Signals and intimations were not wholly wanting from the Irish camp. It was known among the subalterns in that rather impenetrable region, partly by the light of nature, partly by the indiscretions of dubiously accredited ambassadors, that Mr. Gladstone was not disposed on any terms to meet the Irish demand by more coercion. For the liberal party as a whole the Irish had a considerable aversion. The violent scenes that attended the Coercion bill of 1881, the interchange of hard words, the suspensions, the imprisonments—all mechanically acquiesced in by the ministerial majority—had engendered both bitterness and contempt. The Irishmen did not conceal the satisfaction with which they saw the defeat of some of those liberals who had openly gloated over their arrests and all the rest of their humiliations. Mr. Gladstone, it is true, had laid a heavy and chastening hand upon them. Yet, even when the struggle had been fiercest, with the quick intuition of a people long oppressed, they detected a note of half-sympathetic passion which convinced them that he would be their friend if he could, and would help them when he might.
Mr. Parnell was not open to impressions of this order.
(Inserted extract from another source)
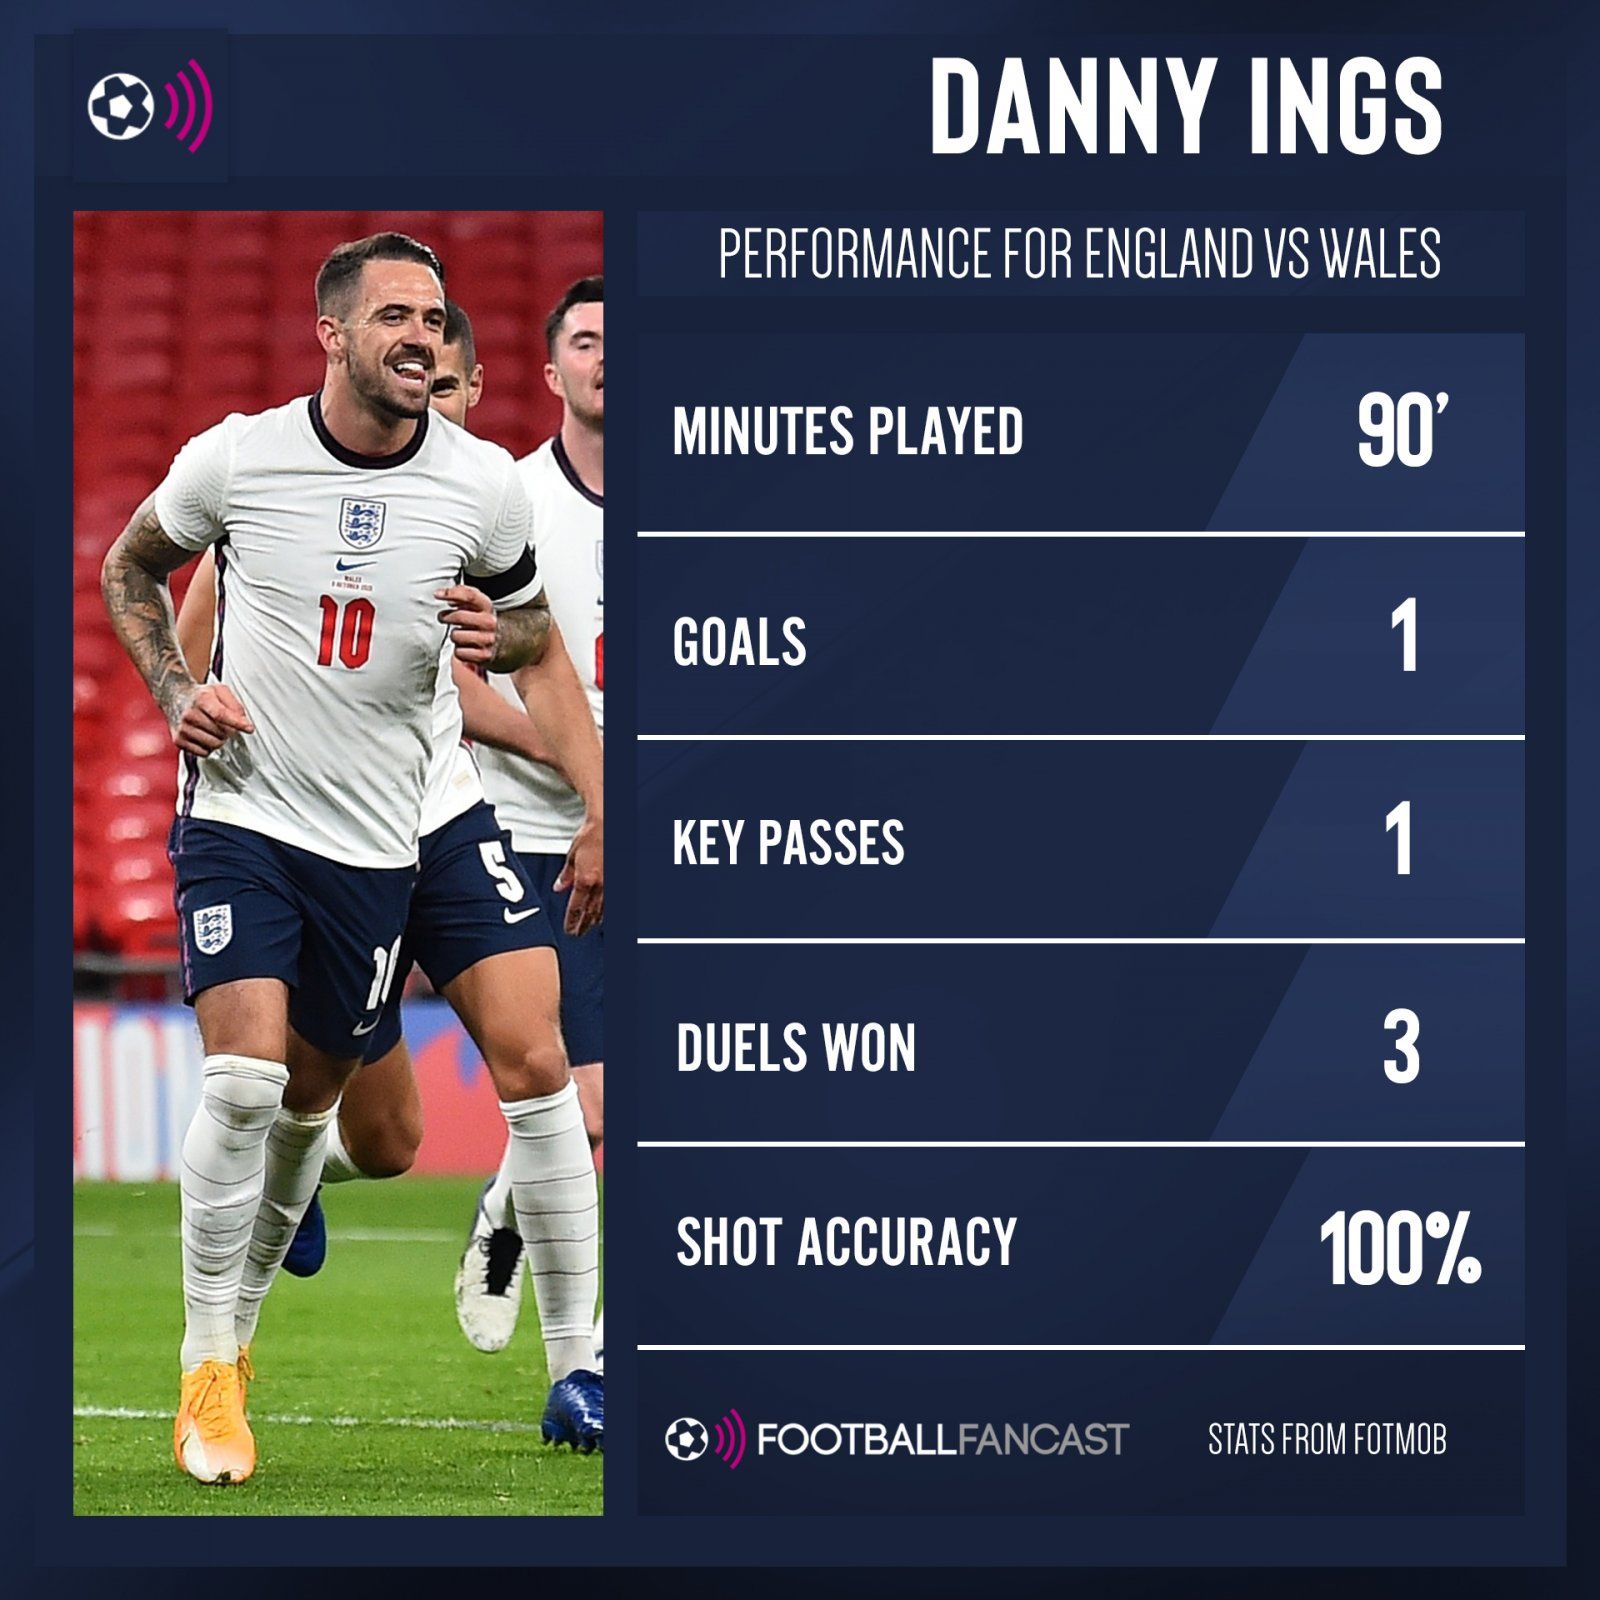 Danny-ings-for-england-vs-wales

He had a long memory for injuries, and he had by no means satisfied himself that the same injuries might not recur. As soon as the general election was over, he had at once set to work upon the result. Whatever might be right for others, his line of tactics was plain—to ascertain from which of the two English parties he was most likely to obtain the response that he desired to the Irish demand, and then to concert the procedure best fitted to place that party in power. He was at first not sure whether Lord Salisbury would renounce the Irish alliance after it had served the double purpose of ousting the liberals from office, and then reducing their numbers at the election. He seems also to have counted upon further communications with Lord Carnarvon, and this expectation was made known to Mr. Gladstone, who expressed his satisfaction at the news, though it was also made known to him that Mr. Parnell doubted [pg 275]
Views Of Mr. Parnell
Lord Carnarvon's power to carry out his unquestionably favourable dispositions. He at the same time very naturally did his best to get some light as to Mr. Gladstone's own frame of mind. If neither party would offer a solution of the problem of Irish government, Mr. Parnell would prefer to keep the tories in office, as they would at least work out gradually a solution of the problems of Irish land. To all these indirect communications Mr. Gladstone's consistent reply was that Mr. Parnell's immediate business was with the government of the day, first, because only the government could handle the matter; second, because a tory government with the aid that it would receive from liberals, might most certainly, safely, and quickly settle it. He declined to go beyond the ground already publicly taken by him, unless by way of a further public declaration. On to this new ground he would not go, until assured that the government had had a fair opportunity given them.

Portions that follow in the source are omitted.